Problem requirements - Give an exact copy of the data that follows, but none of its pictures.

Data extract -
☆ ☆ ☆
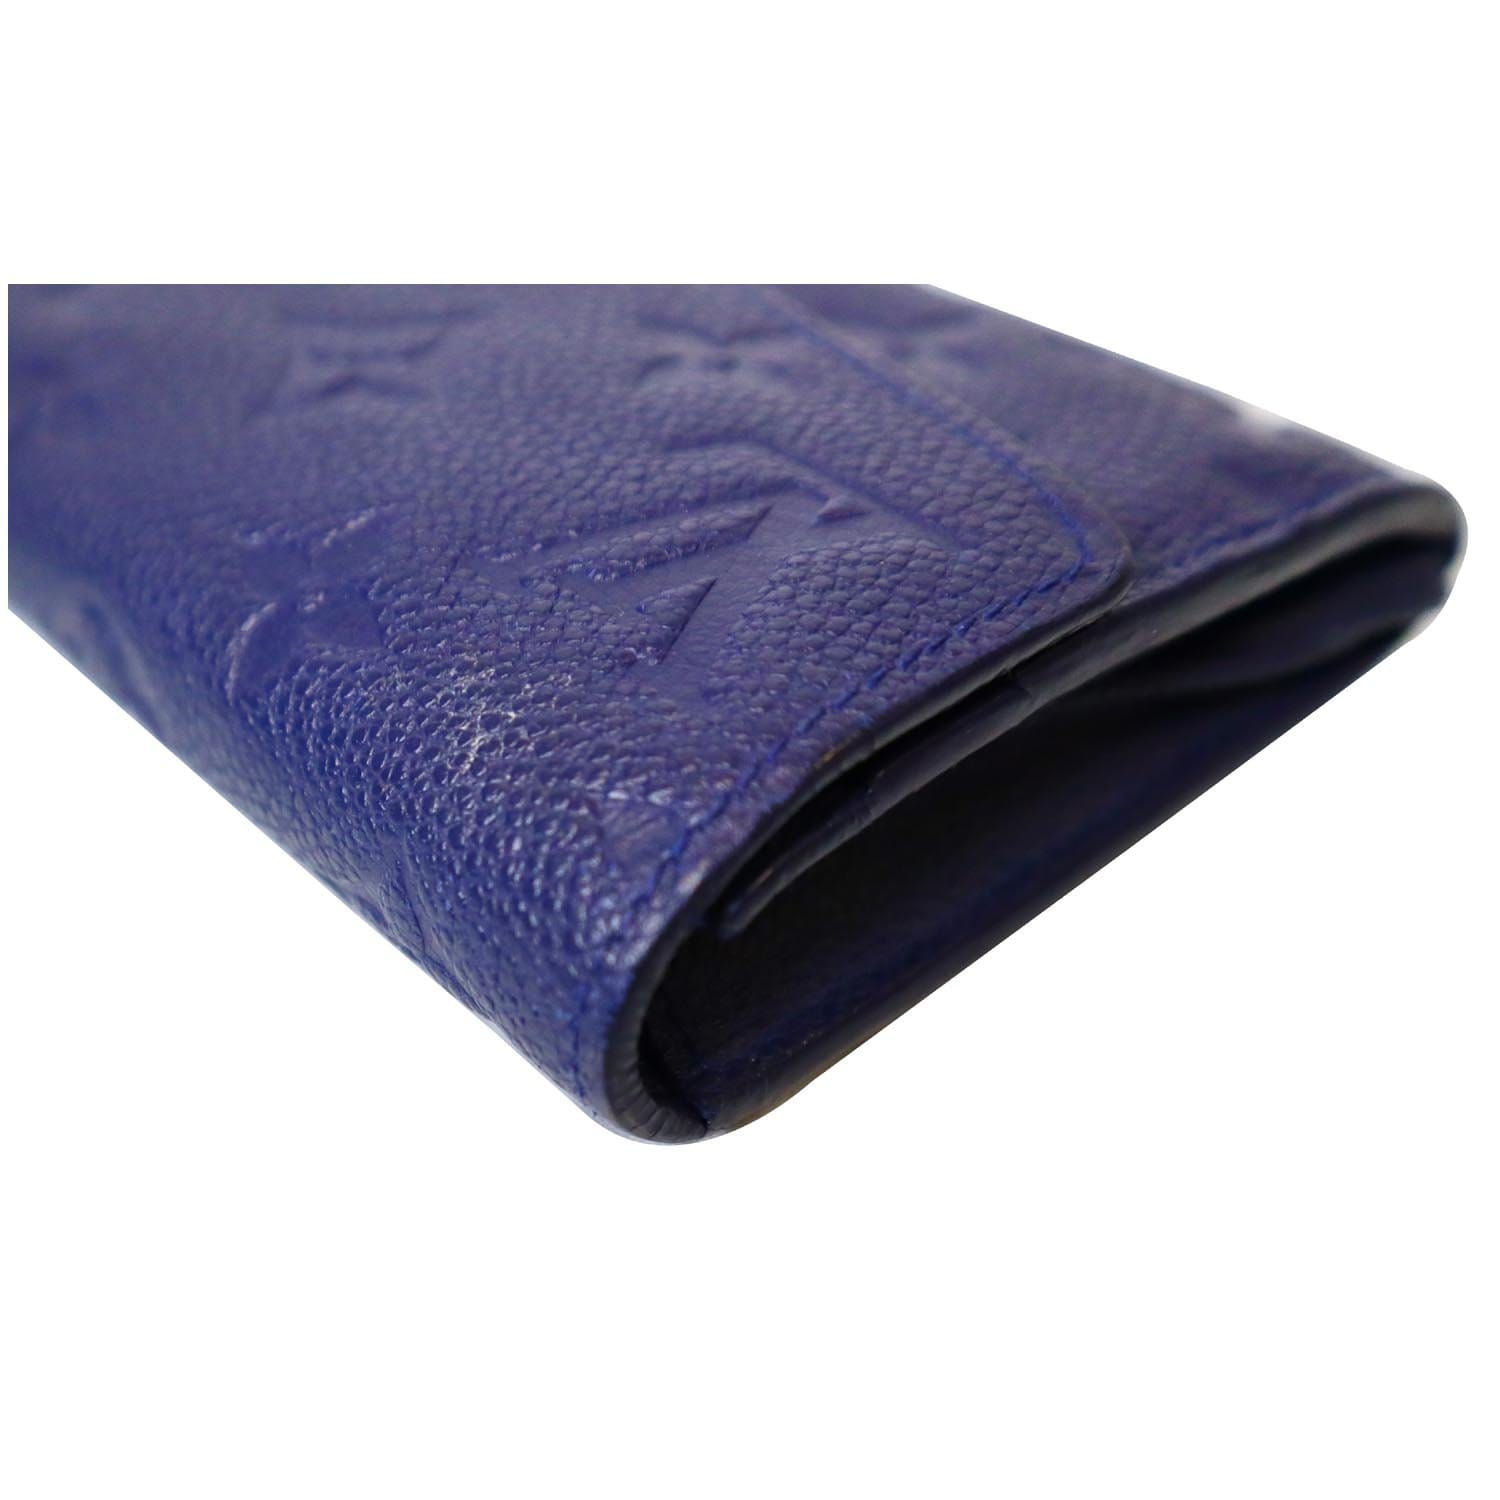 LOUIS VUITTON Virtuose Wallet Monogram Empreinte Leather Blue M60586 88BX157
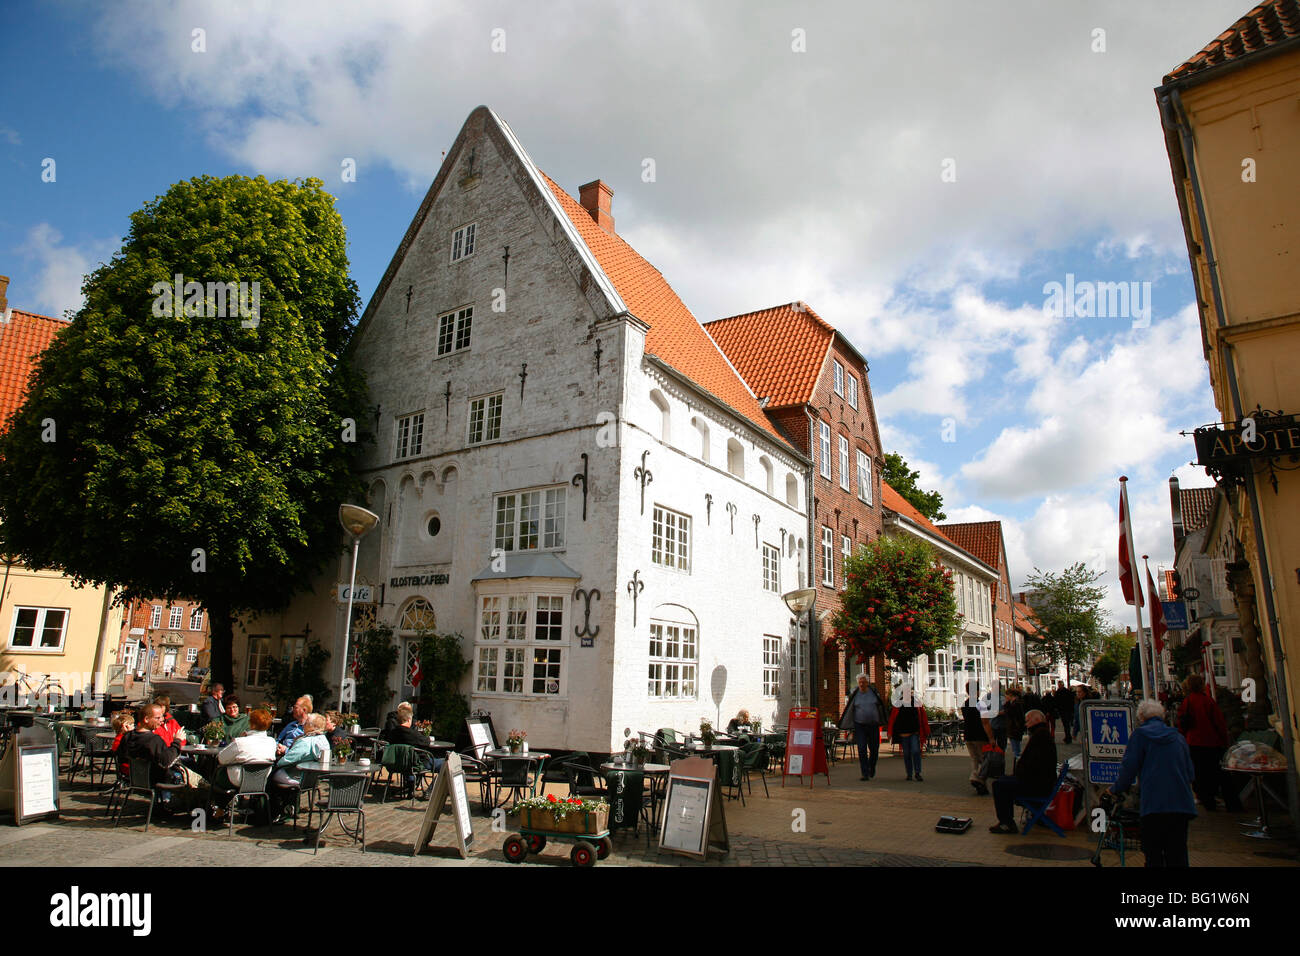 Denmark street scene stock photography images -
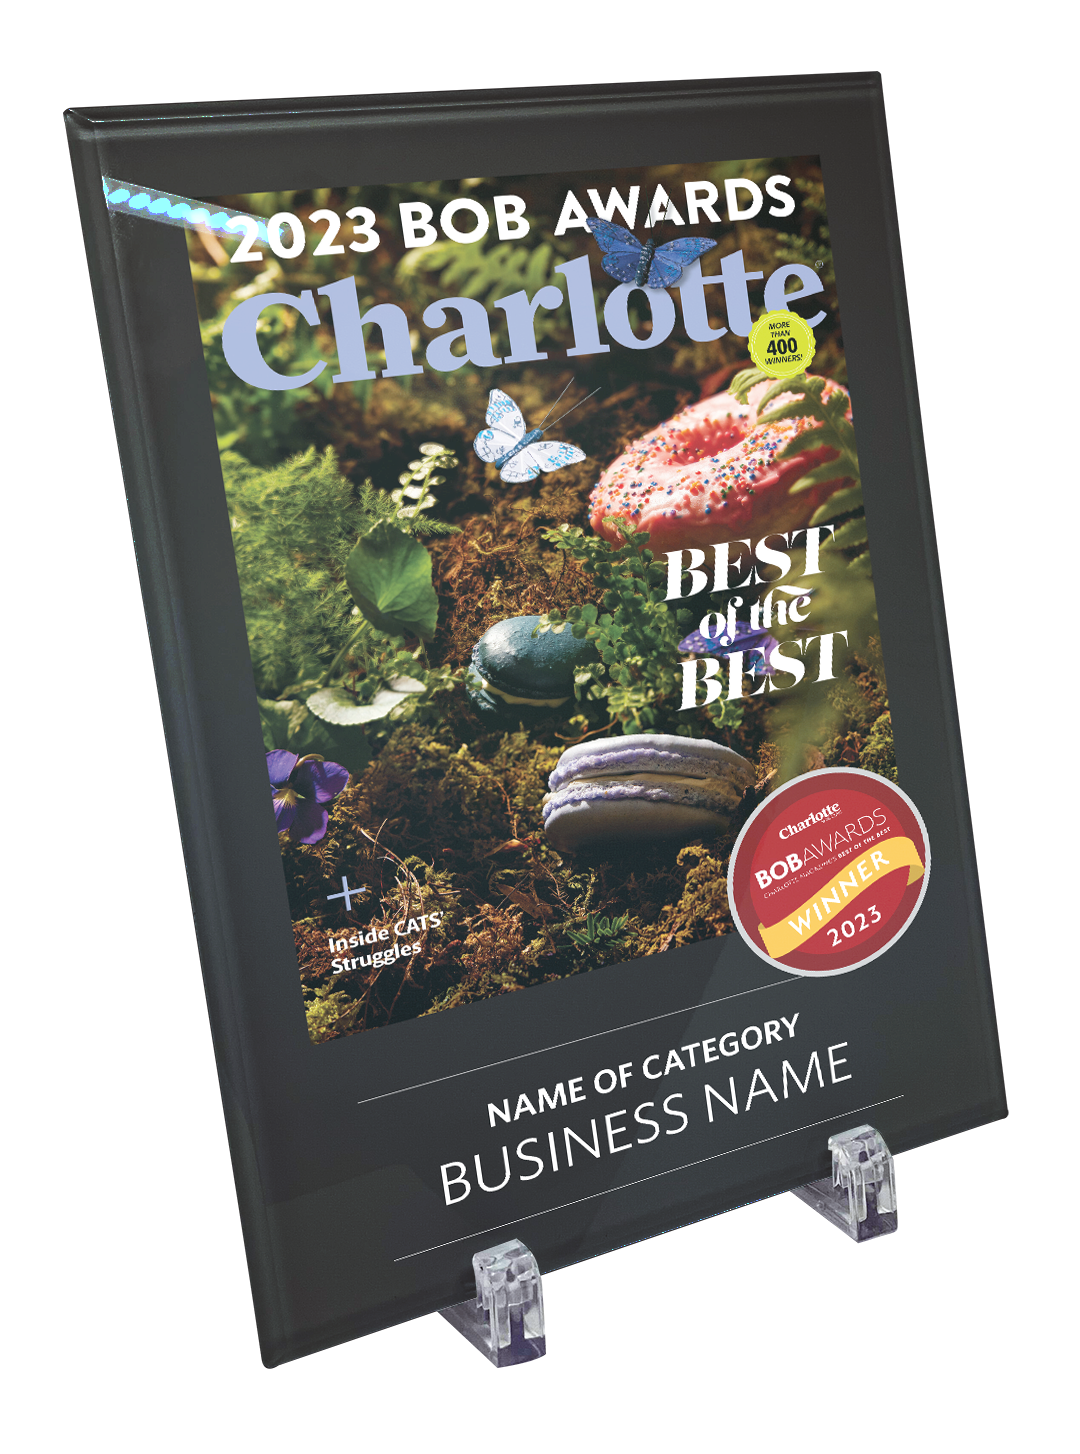 Charlotte Magazine "BOB" Award Plaque - Glass
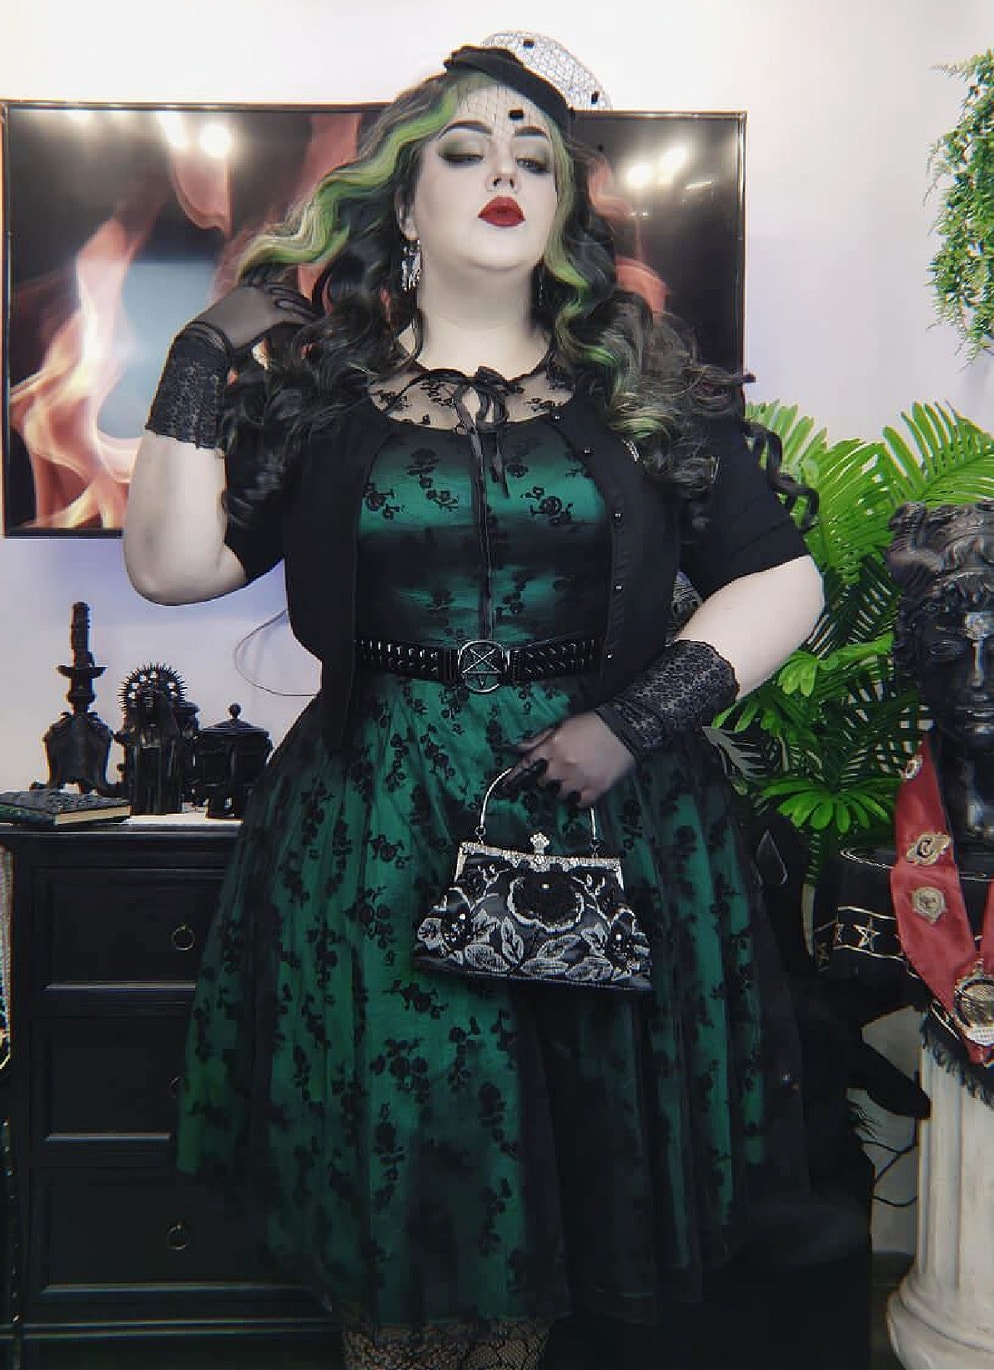 Voodoo Vixen 50's Retro Vintage Spitzen Swing Kleid Emerald Lace Dress in Grün 50er Jahre Petticoat Damenkleid Dress Spitze Spitzenkleid Gothic Elegant Abendkleid Cocktailkleid DRA2259
☆ ☆ ☆
Response to the exercise -
 LOUIS VUITTON Virtuose Wallet Monogram Empreinte Leather Blue M60586 88BX157
 Denmark street scene stock photography images -
 Charlotte Magazine "BOB" Award Plaque - Glass
 Voodoo Vixen 50's Retro Vintage Spitzen Swing Kleid Emerald Lace Dress in Grün 50er Jahre Petticoat Damenkleid Dress Spitze Spitzenkleid Gothic Elegant Abendkleid Cocktailkleid DRA2259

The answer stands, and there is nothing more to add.